Из рода Катынчак

В XVIII веке камлачей, уже тогда немногочисленных, было около пятисот человек. В поисках свободных земель для охоты и рыбалки они вышли из глубины Аляски на побережье. Теснимые тлинкитами и другими более многолюдными и воинственными племенами, они отступали всё дальше на запад, и им грозило полное недружественное поглощение соседями, от которого их спас лишь приход русских. Племя наладило с ними успешную торговлю, многое переняло в хозяйственном укладе и культуре. Через пару поколений камлачи бегло говорили по-русски, а их собственный язык уже существенно отличался от первоначального, всё больше пополняясь различными заимствованиями. К тому времени у них было русские имена, они были православными, что не мешало Благовещению или Пасхе, начавшись утром в церкви, заканчиваться далеко за полночь всеобщим весельем на медвежьем празднике. В обмен на защиту и покровительство камлачи платили русским ясак, впрочем, довольно необременительный, и их вполне всё устраивало, пока Аляска не была продана Америке. Новые хозяева начали массовую коммерческую добычу дичи и рыбы, из-за чего их количество резко сократилось, принесли новые болезни, к которым у камлачей не было иммунитета. Всё это стало тяжелым ударом по численности небольшого народа. К концу XIX века всех камлачей, и старых, и малых, набиралось не больше семидесяти. Как о потерянном рае вспоминали они о тех временах, когда от русских можно было отделаться несколькими лисьими шкурками в год.

Никто потом не смог вспомнить, чья это была идея – уйти на байдарах на противоположный берег Берингова моря, но доведенное до отчаяния маленькое племя ухватилось за нее, как за последнюю спасительную соломинку. Переход был тяжелым и опасным, в холодных волнах сурового северного моря погибли две байдары, но род Катынчак уцелел. Наконец вдали перед беглецами показались берега Камчатки.

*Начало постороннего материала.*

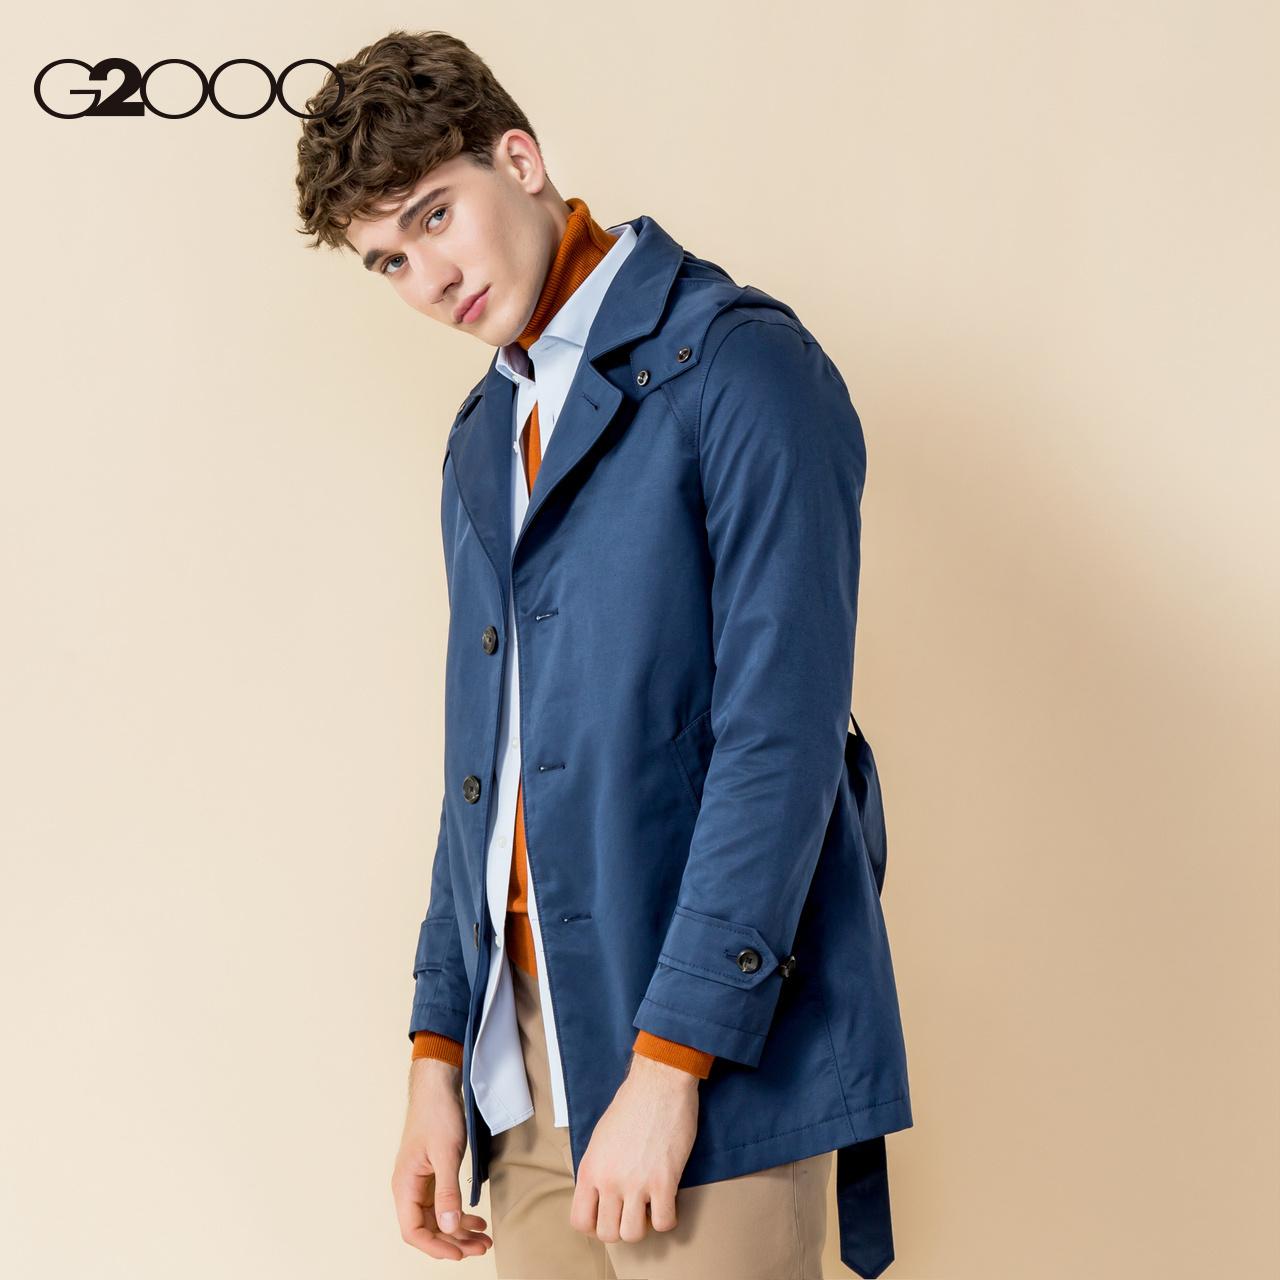 G2000潮流休闲风衣男中长款 秋冬青年单排扣束腰薄款男士大衣

В России камлачей тоже никто не ждал с распростертыми объятиями. Им пришлось сменить несколько мест сначала на полуострове, потом на материке, пока они не осели в двух небольших деревнях на озере Угун. Через несколько десятилетий, уже в советское время, их полупринудительно переселили и оттуда в связи с ликвидацией «неперспективных» поселений. Хотя среди примерно ста двадцати человек, считавших себя камлачами, чистокровных индейцев тогда уже почти не осталось, все они было в той или иной степени потомками от смешанных браков с эвенками и русскими. В районном поселке, куда их определили на жительство, они оказались незначительным меньшинством среди, в основном, эвенкийского населения. К 80-м годам они перестали пользоваться родным языком, а в новом тысячелетии при переписях населения уже никто не называл себя камлачами.

Перестал существовать народ, его язык, культура. Но в чьих-то жилах продолжала течь кровь предков, сохранились кое-какие ремесла, кухня, порой даже внешность местных жителей. Дожили до наших дней несколько фамилий: Катынчаковы, Контуяковы, Килчегановы, Ишкуевы.

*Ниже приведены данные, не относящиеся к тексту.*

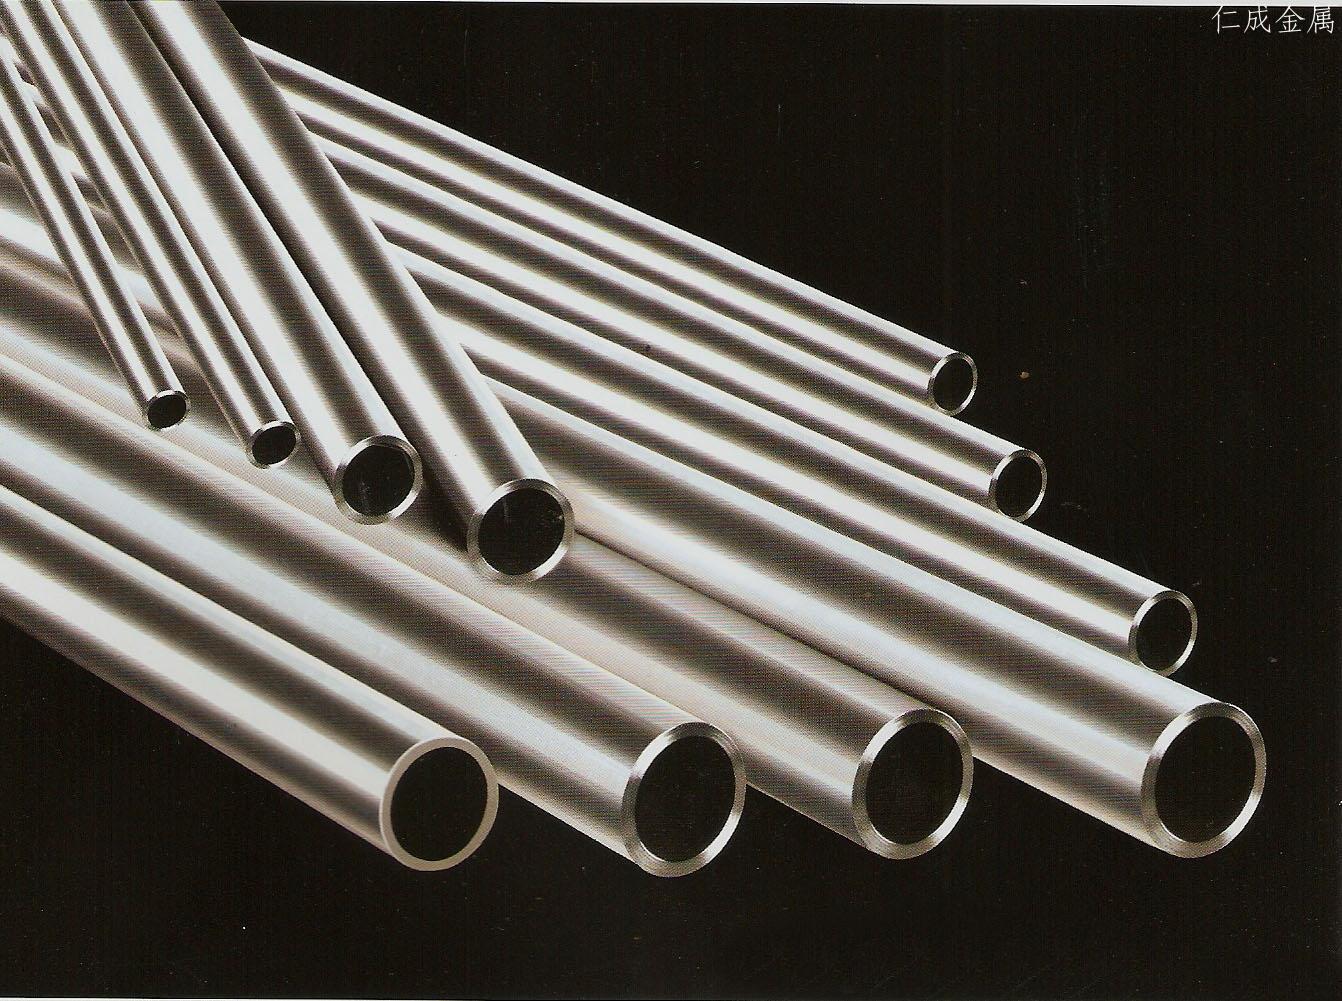 常州仁成金属生产 高精度精密钢管

Снежана носила русскую фамилию своего отца, но фамилия ее бабушки была Катынчакова. Родителей она почти не помнила, после ранней смерти матери отец начал крепко выпивать, а потом и вовсе ушел из семьи. Заботу о внучке взяла на себя бабушка, приехавшая из далекого северного села. Бабушка научила Снежану рукодельничать, рыбачить, разбираться в лекарственных травах. Рассказывала внучке индейские сказки, правда, знала их уже только по-русски. Помнила множество обычаев, обрядов, примет, хотя и не всегда могла объяснить их смысл. Была человеком стойким, даже упрямым. Если что-то задумывала, неуклонно добивалась своего, не слушая ничьих указаний. Снежана и внешне была похожа на бабушку. При славянской в общем внешности разрез глаз явно выдавал в ней индейскую кровь.

Было холодно, должно быть, за городом, в сопках, выпал снег. Мокли под мелким дождем гаражи во дворе, порывы ветра качали пожухлый топинамбур, сдували с него последние желтые лепестки. У Снежаны был выходной, идти в такую погоду никуда не хотелось, и она занялась уборкой. Выстирала диванное покрывало, расшитое индейскими узорами, выбила с балкона висевшую на стене лохматую волчью шкуру. На кухне смахнула пыль с берестяных туесков, начистила до блеска доставшийся от бабушки старинный медный чайник. У входной двери протерла амулеты от злых духов и дурных глаз: медвежий клык, коготки соболя, рябиновые ветки. И ее нестерпимо потянуло туда, где когда-то они гуляли с бабушкой…

Следующая неделя выдалась ненастной и пасмурной. В городе снег несколько раз выпадал и тут же таял, превращаясь в серую кашу и грязные лужи. Вершины сопок уже покрылись снежной сединой. Выходные обещали быть последними относительно теплыми днями, и субботним утром  Снежана вышла из дома. Зная, что там всегда ветрено, и что путь займет несколько часов, она потеплее оделась и взяла с собой бутерброды и термос с горячим чаем.

Пока Снежана ждала автобус, начал накрапывать небольшой дождик. Когда она вышла на нужной ей остановке, уже пробрасывал снежок, а в лесу и вовсе полетели пушистые крупные хлопья.  Снега здесь успело намести прилично, ноги вязли и соскальзывали вниз по склону. Несколько раз Снежане пришлось перелезать через поваленные деревья и продираться сквозь густые заросли. Порой она останавливалась перевести дух и слушала тишину и шорох снежинок. Вышла к ручью, где лед уже намерзал у берегов. Когда она добралась до сопок, снегопад утих, и вокруг стало очень красиво. Курумник у подножия был усыпан мягким снегом. На нем чуть поодаль отпечатались свежие медвежьи следы. Должно быть, первопредок камлачей искал себе подходящее место для берлоги. К счастью, их со Снежаной путь лежал в разные стороны.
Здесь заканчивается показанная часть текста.